Writing 101: Calling a Spade a Spade

You can call me an indie author if you like, but you can also call me an autonomous wordsmith if you really feel like it. 

Or maybe you'd better just stick with indie author. When you are one, you'll find that often simple language is the best. So when you're writing, let's just call a spade a spade. It takes too long to look for synonyms for the word shovel.

By Any Other Name

When you're writing about a shovel,  you can just call it a spade. People like flowery language, but they like simple honesty even more. When you're looking for a creative way to mention a shovel, or you're looking for a replacement for the word whisper, you're probably doing a little too much writing. You don't need to throw synonyms all over your book in order to make it good. For the most part, it's perfectly okay to end dialogue with "he said." 

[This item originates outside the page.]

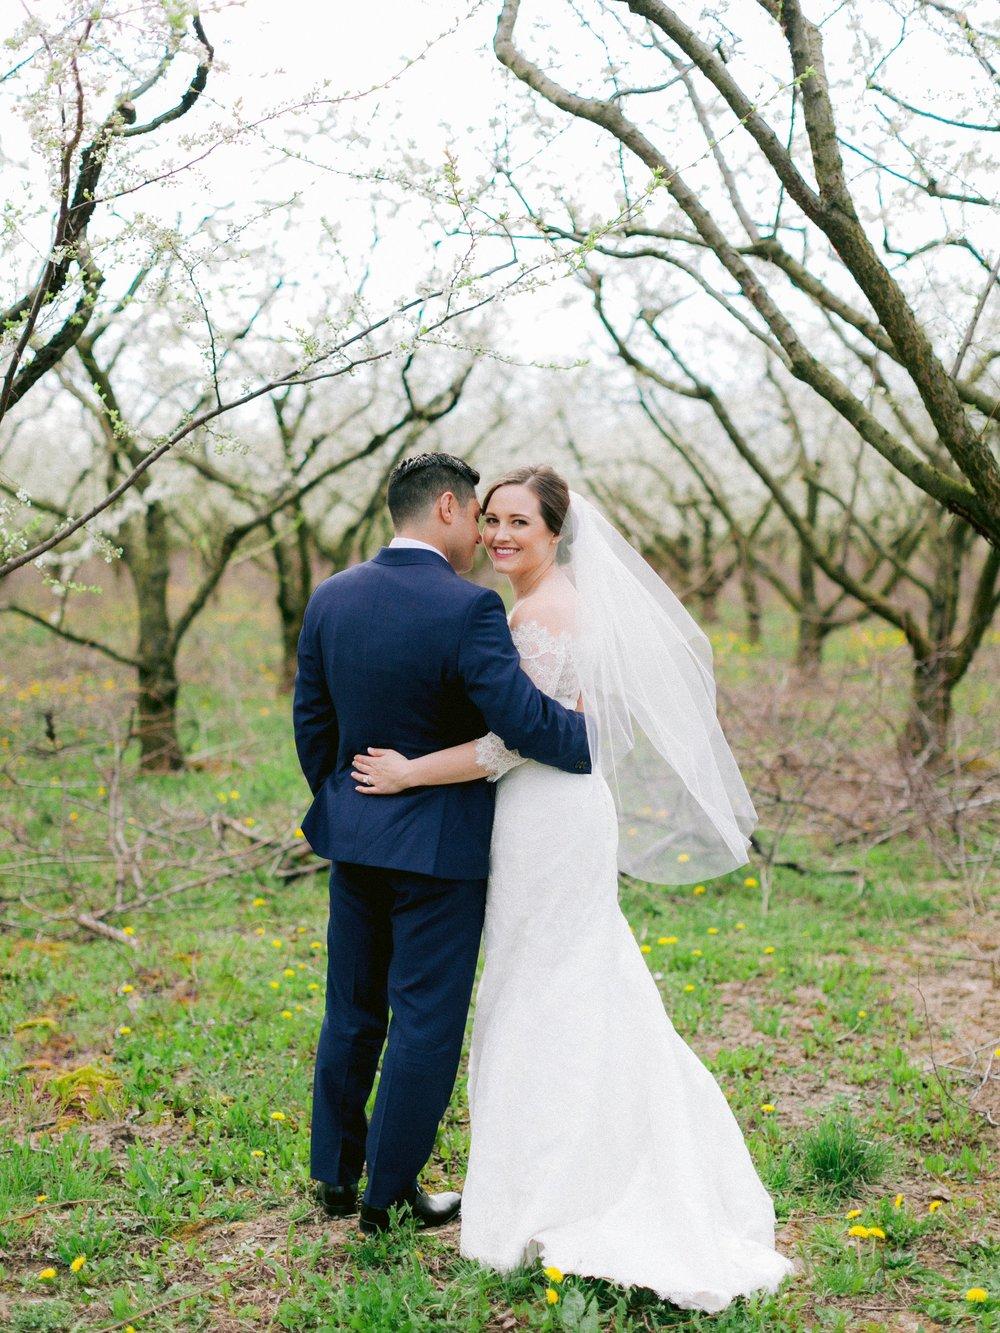 Niagara_on_the_lake_spring_wedding_kurtz_orpia_toronto_Vineyard_wedding_fine_art (59 of 92).jpg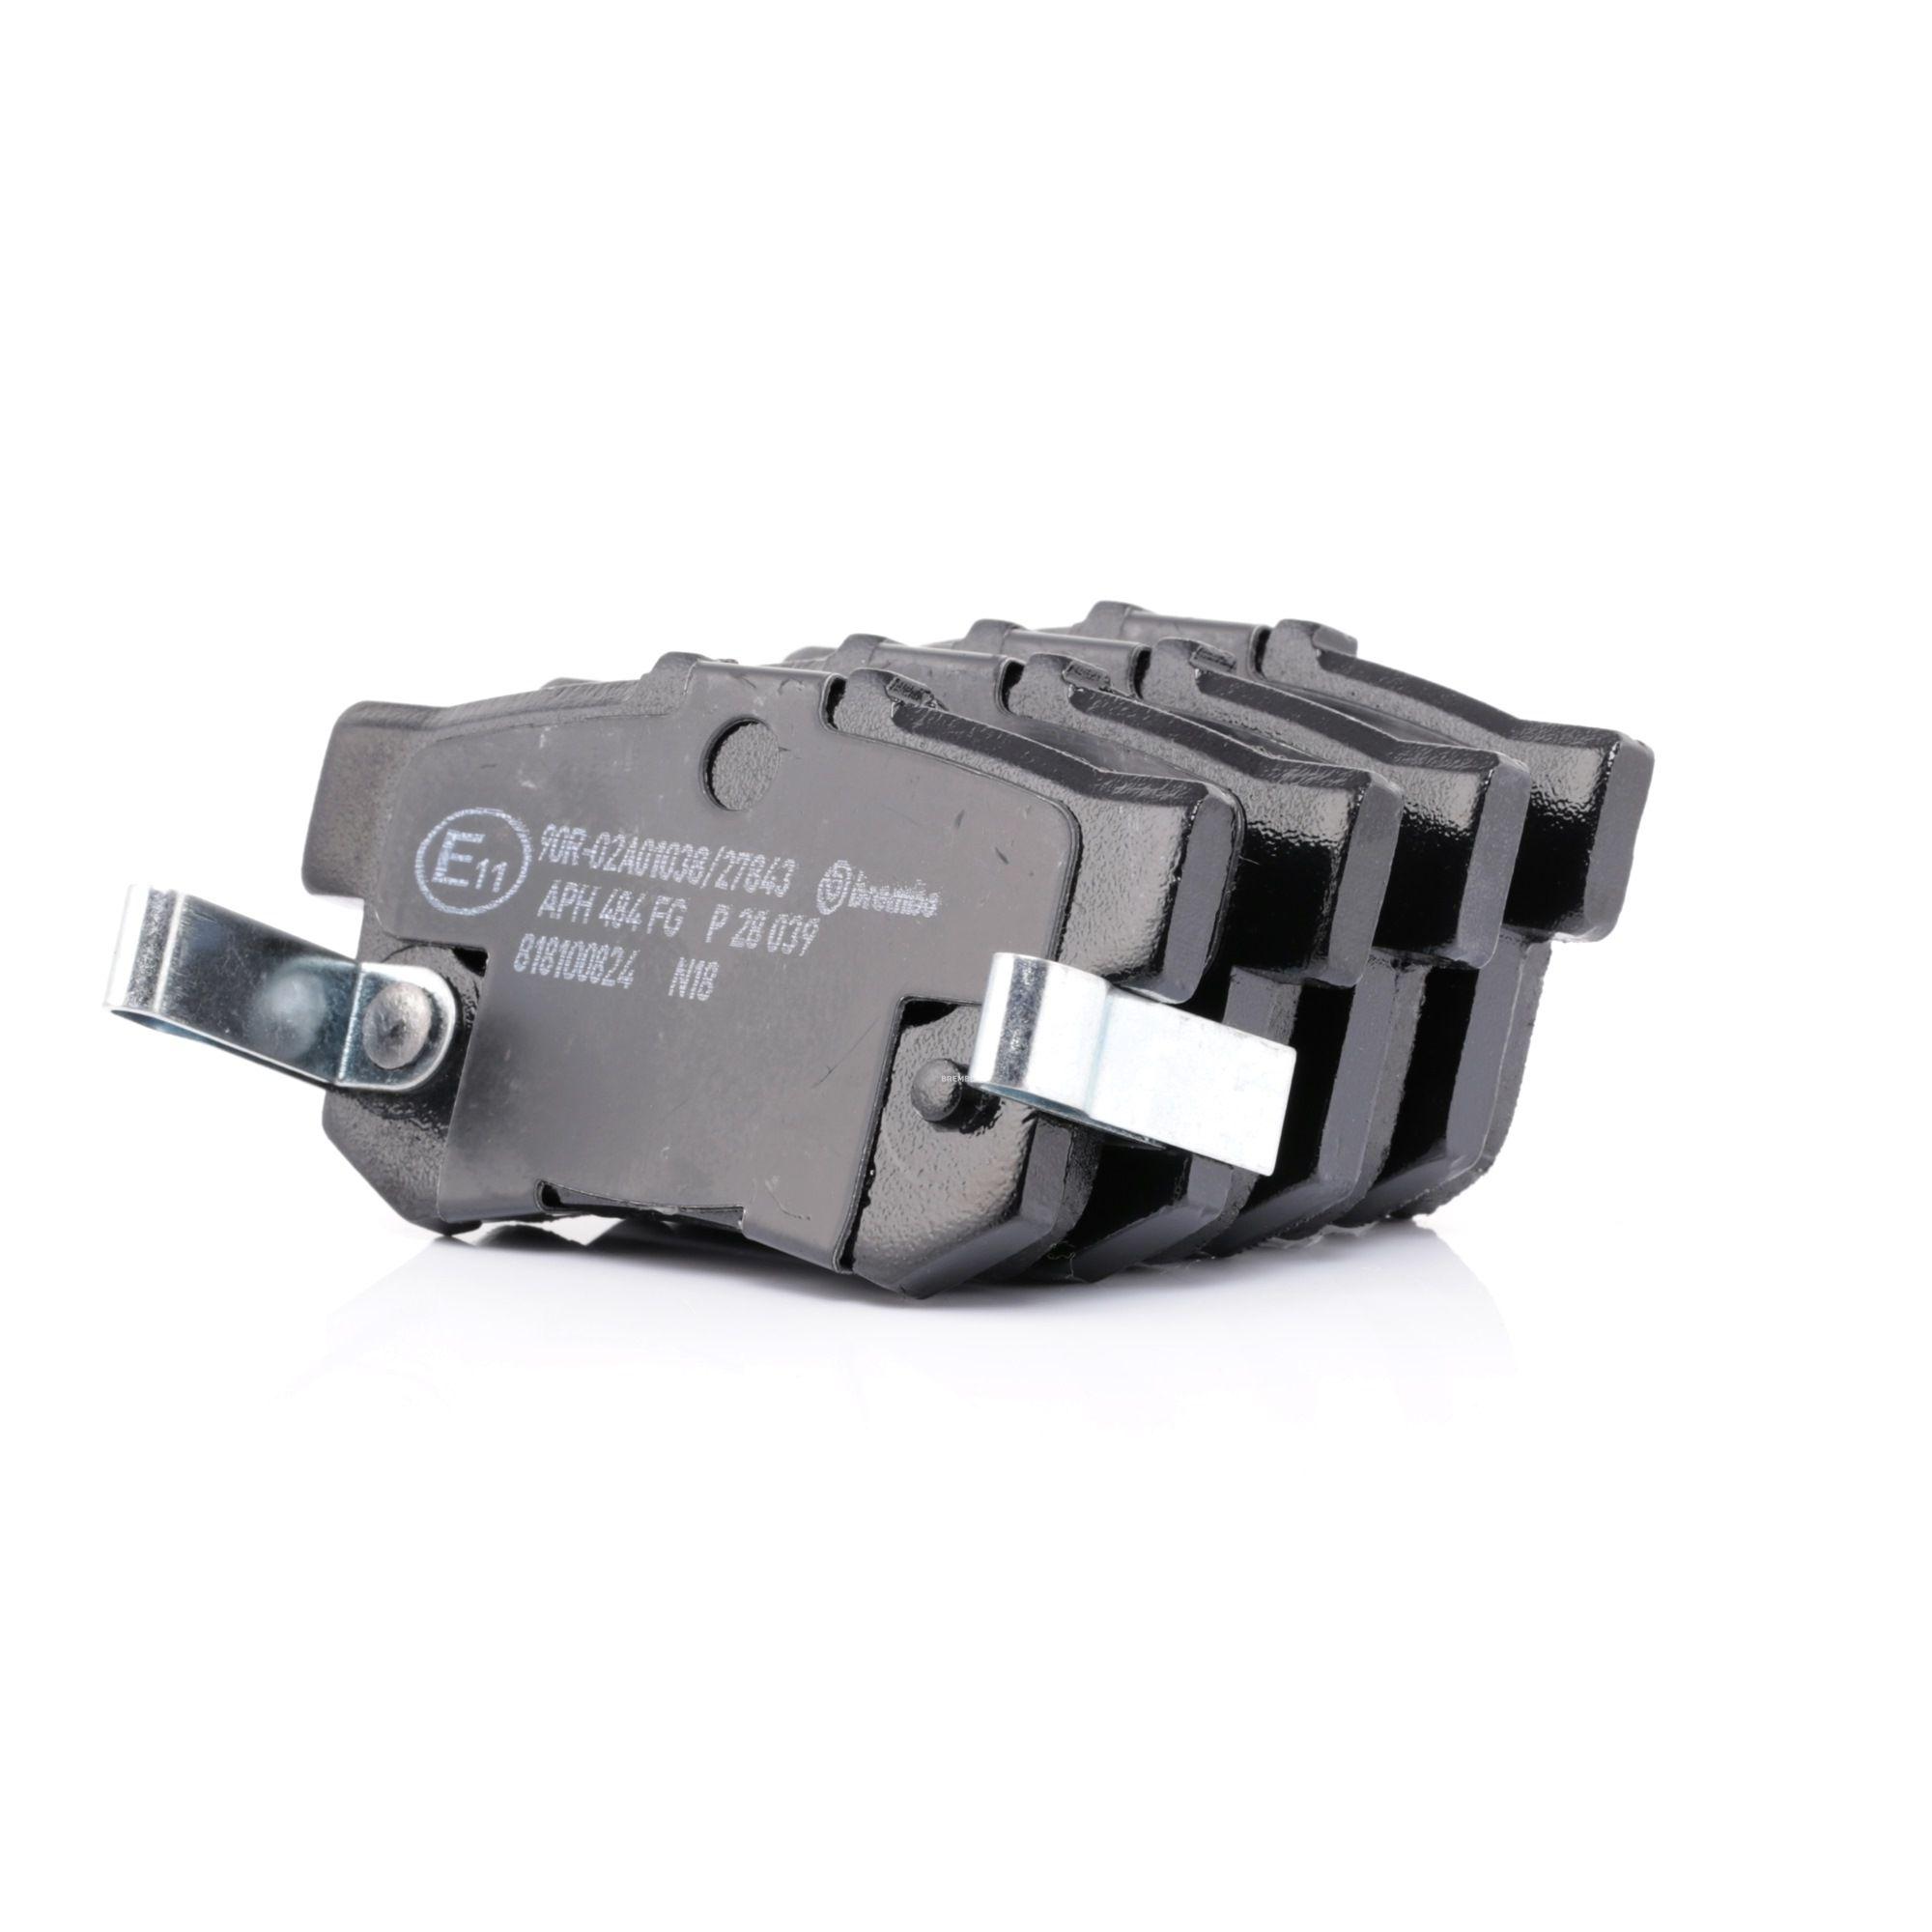 Disk brake pads BREMBO D5377418 rating

Simple words don't equal simple writing. Many authors fear this. Instead of using straightforward language, they look for flowery and complicated words instead. But big words are not a hallmark of good writing. All the best books that were ever written are composed from straightforward words that reflect the way people are talking at that moment in history. You've probably used the word shovel several times in your life. How many times have you actually described one instead?

The most complicated plots can be described in simple words, and the story will still be amazing. The best books are easy to read, and they become popular when they're easy for everyone to read. To do that, you need to use simple language. So just call me a blogger, instead of a self-reliant Internet diarist. That way, you can focus on simply being an author rather than an as...well, just be an author.